"as.tibble" вызывает ошибку в Tibble 2.0.1, но не 1.4.2
Я написал функцию, часть которой преобразует матрицу в таблицу. Это работает без проблем в Тибле 1.4.2, но вызывает ошибку в 2.0.1.
Код, который вызывает ошибку, выглядит следующим образом
library(tibble)
library(magrittr)
testmerge <- matrix( data = NA, ncol = 6 + 1, nrow = 0) %>%
as.tibble
Сообщение об ошибке ниже
Я могу решить проблему, выполнив следующее
testmerge <- matrix( data = NA, ncol = 6 + 1, nrow = 0) %>%
as.data.frame() %>%
as_tibble
Но это кажется немного затянуто.
Что происходит, что вызвало это изменение? И как я могу легко получить пустые столбцы?
1 ответ
Вам необходимо указать .name_repair
; увидеть ?as_tibble
:
library(tibble)
library(magrittr)
sessionInfo()
#> R version 3.5.2 (2018-12-20)
#> Platform: x86_64-pc-linux-gnu (64-bit)

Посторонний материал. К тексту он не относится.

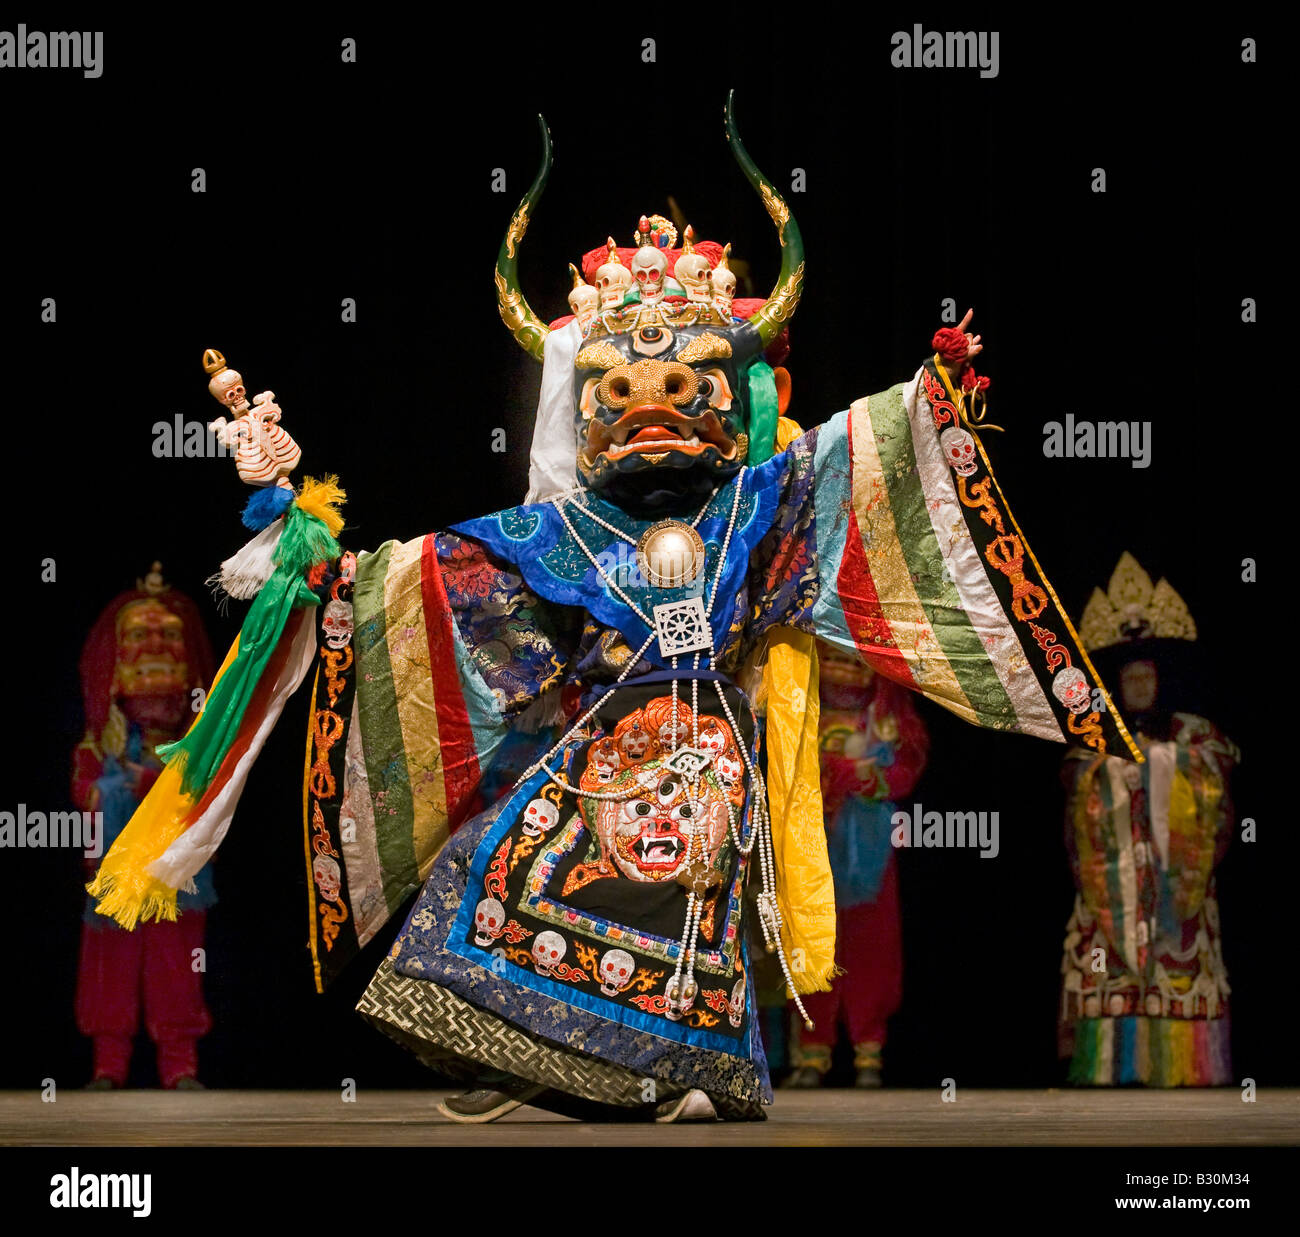 YAK danseuse de l'enseignement du dalaï-lama en 2007 parrainé par le KUMBUM CHAMTSE LING LE CENTRE CULTUREL TIBÉTAIN Bloomington Indiana Banque D'Images

#> Running under: Ubuntu 18.04.1 LTS
#>
#> Matrix products: default
#> BLAS: /usr/lib/x86_64-linux-gnu/blas/libblas.so.3.7.1
#> LAPACK: /usr/lib/x86_64-linux-gnu/lapack/liblapack.so.3.7.1
#>
#> locale:
#> [1] LC_CTYPE=en_US.UTF-8 LC_NUMERIC=C
#> [3] LC_TIME=en_US.UTF-8 LC_COLLATE=en_US.UTF-8
#> [5] LC_MONETARY=en_US.UTF-8 LC_MESSAGES=en_US.UTF-8
#> [7] LC_PAPER=en_US.UTF-8 LC_NAME=C
#> [9] LC_ADDRESS=C LC_TELEPHONE=C
#> [11] LC_MEASUREMENT=en_US.UTF-8 LC_IDENTIFICATION=C
#>
#> attached base packages:
#> [1] stats graphics grDevices utils datasets methods base
#>
#> other attached packages:
#> [1] magrittr_1.5 tibble_2.0.1
#>
#> loaded via a namespace (and not attached):
#> [1] Rcpp_1.0.0 digest_0.6.18 crayon_1.3.4 rprojroot_1.3-2
#> [5] backports_1.1.2 evaluate_0.11 pillar_1.3.1 rlang_0.3.1
#> [9] stringi_1.2.4 rmarkdown_1.10 tools_3.5.2 stringr_1.3.1
#> [13] yaml_2.2.0 compiler_3.5.2 pkgconfig_2.0.2 htmltools_0.3.6
#> [17] knitr_1.20
Ваш код работал нормально для меня с tibble_1.4.2
, как вы описываете, но после обновления до tibble_2.0.1
Я получаю ту же ошибку, что и у вас, но с чуть более информативным сообщением, включающим предложение Use .name_repair to specify repair.
:
testmerge <- matrix( data = NA, ncol = 6 + 1, nrow = 0) %>%
as_tibble()
#> Error: Columns 1, 2, 3, 4, 5, … (and 2 more) must be named.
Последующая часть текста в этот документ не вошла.